Leptospirosis is a zoonotic disease with epidemic potential, especially after a heavy rainfall, caused by a bacterium called Leptospira. Leptospira interrogans is pathogenic to humans and animals, with more than 200 serologic variants or serovars. Humans usually acquire leptospirosis through direct contact with the urine of infected animals or a urine-contaminated environment. Human-to-human transmission occurs only very rarely.
Leptospirosis may present with a wide variety of clinical manifestations, from a mild illness that may progress to a serious and sometimes fatal disease. Its symptoms may mimic many diseases, such as influenza, dengue and other viral haemorrhagic diseases; making the correct diagnosis (clinical and laboratory) at the onset of symptoms is important to prevent severe cases and save lives, primarily in outbreak situations.
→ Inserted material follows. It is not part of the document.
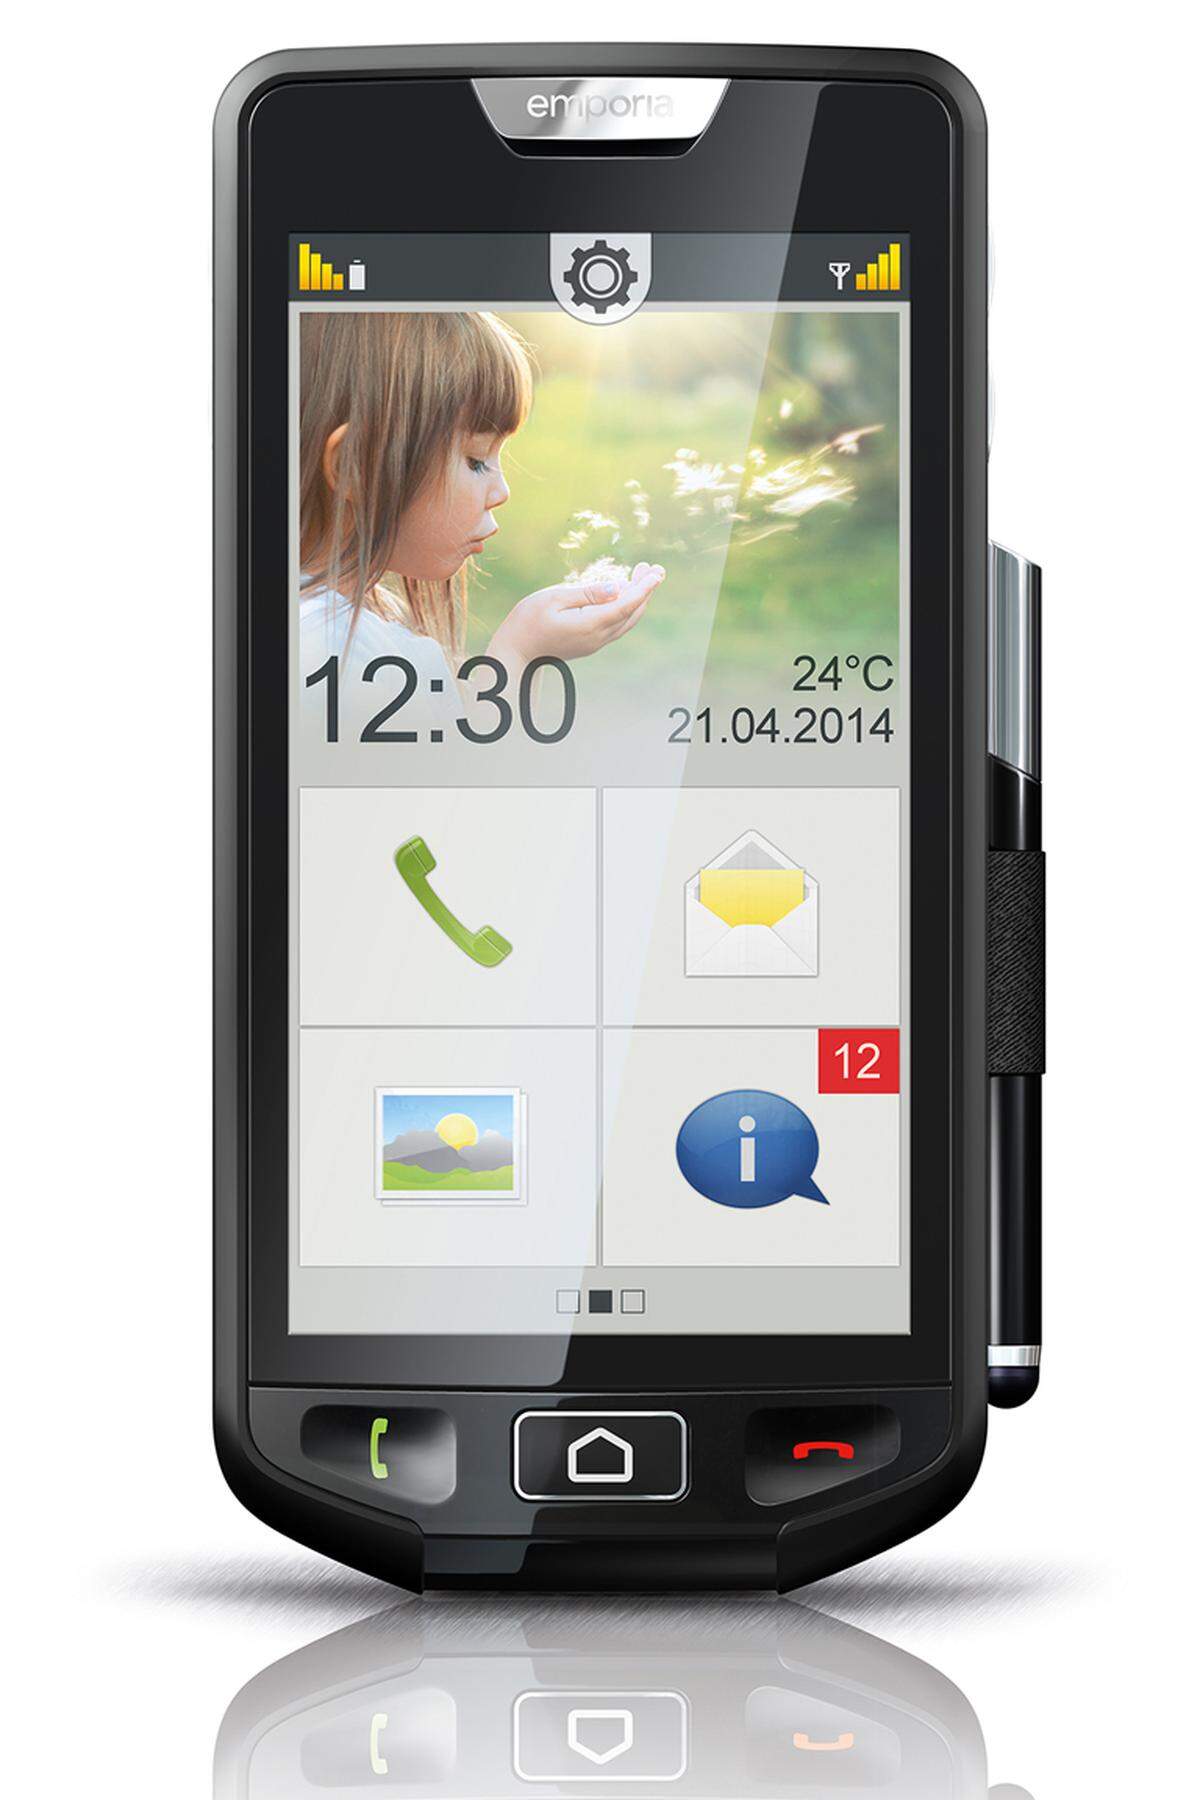 Der oberösterreichische Hersteller zeigt am Mobile World Congress sein erstes Touchscreen-Smartphone für ältere Nutzer. Das Betriebssystem Android 4.3 wurde so angepasst, dass der Touchscreen für Senioren gut und einfach nutzbar ist. Die Kamera ist mit 8 Megapixel auch nicht zu knapp bemessen.

Typically, the disease presents in four broad clinical categories:
- A mild, influenza-like illness
- Weil's syndrome characterized by jaundice, renal failure, haemorrhage and myocarditis with arrhythmias
- Pulmonary haemorrhage with respiratory failure
Of the many symptoms the most common clinical features of leptospirosis include fever, headache, myalgia (particularly in the calf muscle), conjunctival suffusion, jaundice, general malaise in addition to other symptoms/signs.
Incubation period: 5-14 days, with a range of 2-30 days.
Symptoms are easily confused with other common diseases in the tropics, such as dengue and other hemorrhagic fevers.
The diagnosis of leptospirosis should be considered in any patient presenting with an abrupt onset of fever, chills, conjunctival suffusion, headache, myalgia and jaundice.
History of occupational or recreational exposure to infected animals or to an environment potentially contaminated with animal urine.
The following diseases should be considered in the differential diagnosis of leptospirosis: influenza, dengue and dengue hemorrhagic fever, hanta virus infection, yellow fever and other viral hemorrhagic fevers, rickettsiosis, borreliosis, brucellosis, malaria, pyelonephritis, aseptic meningitis, chemical poisoning, food poisoning, typhoid fever and other enteric fevers, viral hepatitis, pyrexia of unknown origin, primary HIV seroconversion, legionnaire’s disease, toxoplasmosis, infectious mononucleosis, pharyngitis.
Laboratory testing for confirmation
Diagnosis is usually based on serology in conjunction with the clinical presentation and epidemiological data (a history of possible exposure, presence of risk factors). The microscopic agglutination test (MAT) and the enzyme linked immunosorbent assay (ELISA) are two serologic tests used for laboratory diagnosis of leptospirosis. In order to obtain a positive diagnosis using the gold standard MAT, a minimum of two serum samples taken at intervals of about 10 days apart, must be compared to observe a four-fold or greater rise in antibody titer. Isolation of leptospires from blood, urine or other clinical materials can be achieved through culture, and detection by polymerase chain reaction (PCR) and immuno staining techniques may be available in some centers. Isolation of leptospires is the only direct and definitive proof of infection. For postmortem diagnosis, in addition to serology and culture, leptospires can be detected in tissues using PCR or immunohistochemical staining, especially by direct immunofluorescence.